Creating a DataStage Pong job that receives data from the Streams Ping application

The next step is to create a DataStage parallel job named Pong that receives data from the Streams Ping application.

  1. Drag and drop the Streams connector stage and the Peek stage from the Palette to the parallel job canvas.
  2. Add an output link from the Streams connector to connect it to the Peek stage.
  3. Edit the Streams connector stage and click the Configure button to configure the Streams connector columns and properties.
  4. Select the endpoint Default/To_DataStage_ping, as shown in Figure 6, which was imported into the repository via IMAM in the previous step.
    Figure 6. Configuring the Streams connector link schema
    To configure the Streams connector column interface, open the stage GUI, click on configure button, and select the endpoint from the list.Default is the default name of the application scope, and To_DataStage_ping is the name of the endpoint as specified in the connectionName parameter in the Ping.spl Streams application.
  5. Click OK, then inspect the column definition for the link and see that it corresponds to the message defined by Ping.spl, as shown in Figure 7.
    Figure 7. The Streams connector link schema
    The columns tab of the stage GUI, displays the schema of the Streams connector output link.
  6. Set up the connector properties. The Name server host and port are set to the values returned by the Streams geturl command which is issued on the Streams server. Line 2 shows the results of issuing this command:
    1  bash-3.2$bash-3.2$ streamtool geturl -i santic
    2  https://9.22.116.149:8443/streams/console/login
  7. The Username and Password properties are set to the values used to login into the streams console using the URL returned by the geturl command, as shown in Figure 8.
    Figure 8. The Streams console login page
    The connection properties username and password should be the same as used to login into the Streams console.
  8. The Keystore file must be exported from the Streams server, and imported to the DataStage server. This operation only has to be performed one time. The Keystore file is exported from the Streams server where the streams instance is running using the keytool command, as shown in Listing 3.
    Listing 3. Keystore file exported
    1 $ /opt/ibm/java-x86_64-60/bin/keytool -keystore
    2 ~/.streams/instances/santic\@santic/sws/security/keystore/ibmjsse2.jts 
    -export -alias lwiks -file santic.keystore
    3 Enter keystore password:
    4 Certificate stored in file <santic.keystore>
  9. Import the Keystore certificate use the Keytool command that is provided under the ASBNode or ASBServer directories of the DataStage engine install:
    $/opt/InformationServer/ASBNode/apps/jre/bin/keytool -import -alias lwiks -file 
    santic.keystore -keystore santic.certificate.keystore
  10. Enter the Keystore file property into the Keystore file and enter the remaining required connection properties, as shown in Figure 9.
    Figure 9. The Streams connector properties page
    We setup the required connection properties to complete the Streams connector configuration

Run the Streams Ping application and the DataStage Pong job

The Streams Ping application is executed by using the Streams submitjob command, as shown in Listing 4.

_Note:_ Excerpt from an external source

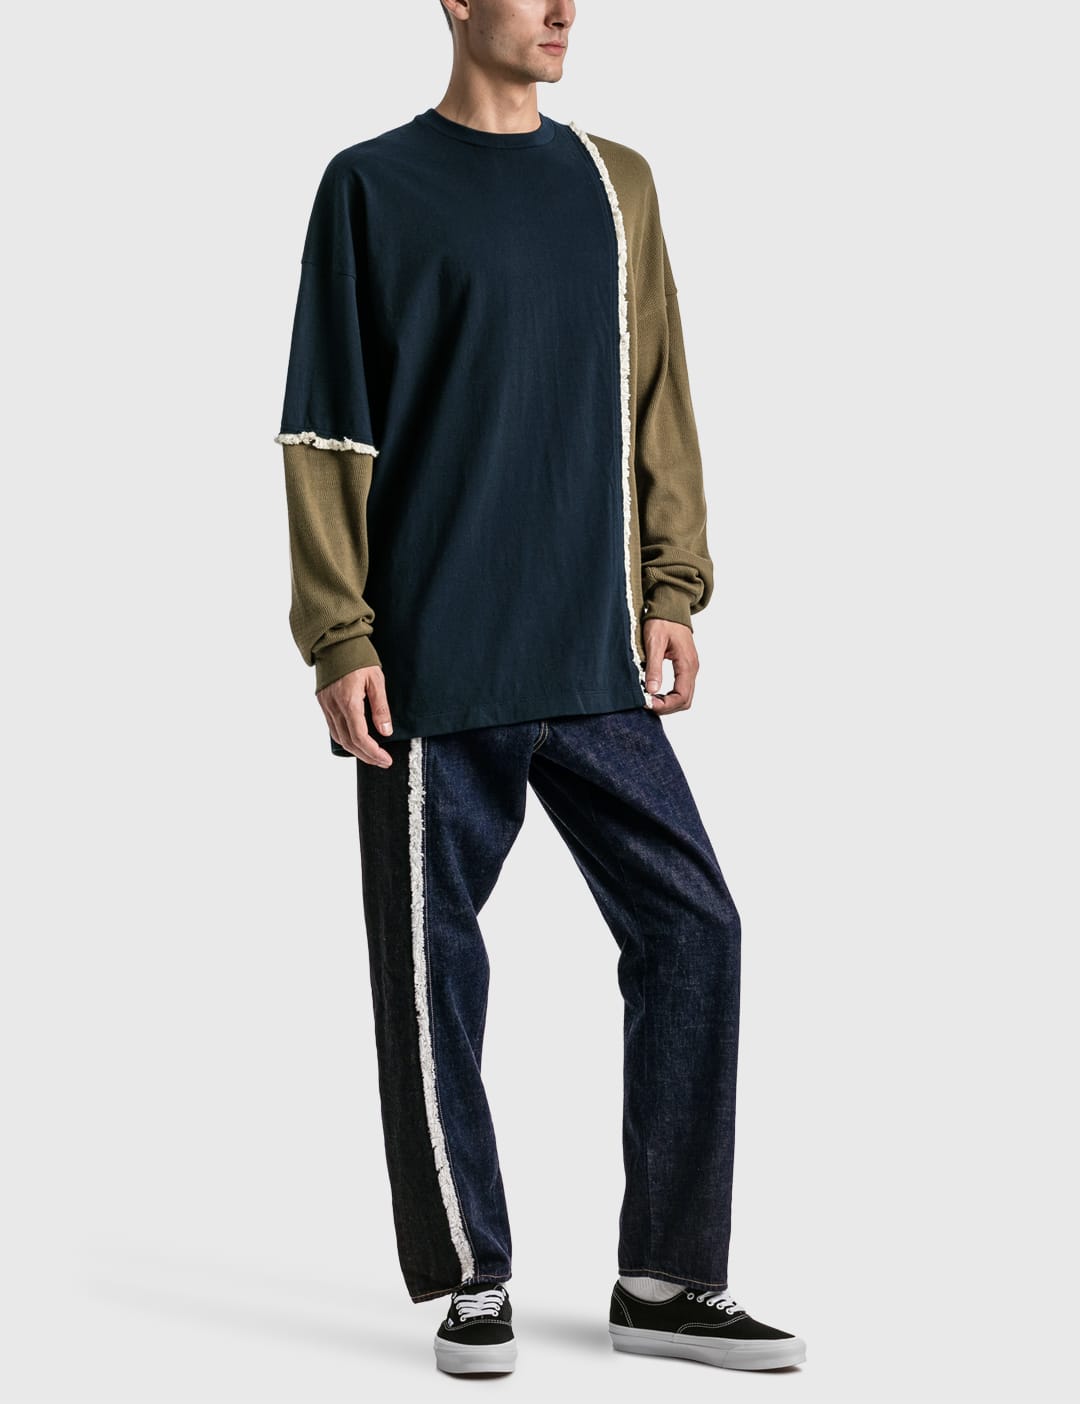 Rotol - Franken Long Sleeve T-shirt | HBX - Globally Curated
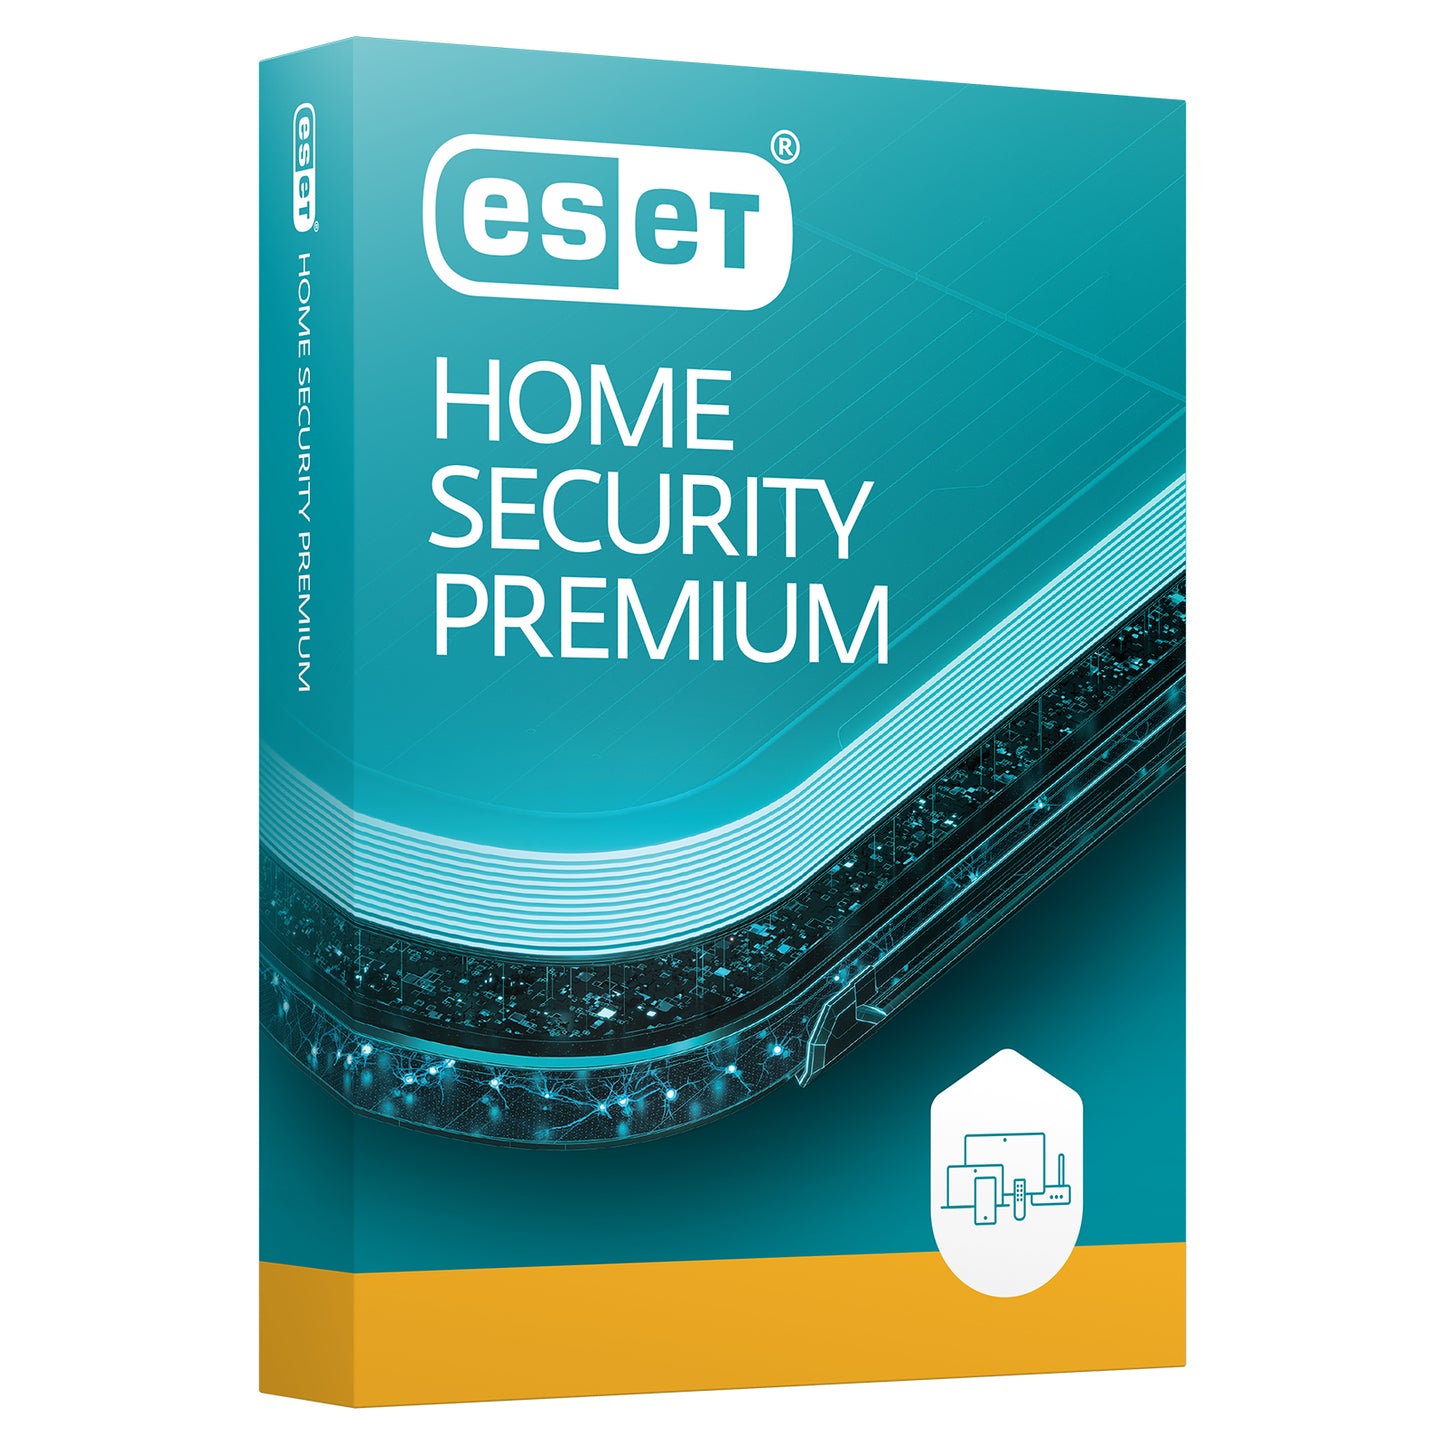 ESET Home Security Premium, 1 Device, 1 Year

Listing 4. Streams Ping application executed
$ streamtool submitjob -i santic PingDS/PingDS.adl
CDISC0079I The system is submitting 1 applications to the santic@santic instance.
CDISC0080I Job ID 37 was submitted for the application that is stored at the following 
path: PingDS/PingDS.adl.
CDISC0020I Submitted job IDs: 37

Now that the Streams job has been started, the DataStage Pong job can now be compiled and executed. The Streams connector will contact the Streams nameserver to look up the host and port for the To_DataStage_Ping connection. It then establishes a TCP/IP connection to that host and port. Once the connection has been established, the Streams DSSink operator will begin to send messages to the Streams connector. The received message can be observed in the Job log dialog, as shown in Figure 10.

Figure 10. DataStage Pong job, and the job log after successful run
After DataStage Pong job successful execution we observe in the designer client the job log status that displays the Hello DataStage message received from the Streams Ping job, the green status of the data link signals the job complition.

Pong: Returning data from DataStage job to the Streams application

In this section, you can do the following.

  • Modify the Pong job to add the Streams connector that will send Ping data back to the Streams Ping application.
  • Save and compile the Pong job. This will store the job metadata in the Information Server metadata repository.
  • Use the Streams DataStage Integration Toolkit to import the Pong job metadata from the Information Server metadata server. This will generate SPL stub code utilizing the DSSource operator.
  • Integrate the SPL stub code into Ping.spl code. This will enable the Streams Ping application to receive data from the DataStage Pong job.
  • Modify the Ping.spl job to add the file operator to store DSSource data into Pong.txt file.
  • Run the Streams Ping application and run the DataStage Pong job.
  • Review the Pong.txt data for accuracy.

Modify the DataStage Pong job to return data to Streams

  1. Add a Copy stage and another Streams connector to the Pong job and add the links, as shown in Figure 11.
    Figure 11. Modified DataStage Pong job with the Streams connector added as data target
    We replaced the target peek stage with the copy stage, the copy stage has two output links that connect to the Streams connector and to the peek stage.
  2. The columns for all links should be the same and can be set by using the Mapping tab of the Copy stage. Edit the target Streams connector and define its properties, as shown in Figure 12.
    Figure 12. The target Streams connector property page
    The target Streams connector property page is setup similarly to the source Streams stage, the 'connection name' property has to be unique because it defines the endpoint name of the Streams DSSource operator that receives the data.
  3. The connection properties can be copied from the source Streams connector. One way to accomplish that is to use the 'Save' function in the source connector, and the 'Load' function in the target connector. The connection name should be set to 'From_DataStage_Pong'. This will define the name of the endpoint that will be registered with the Streams name server. After setting up these properties, save and compile the job.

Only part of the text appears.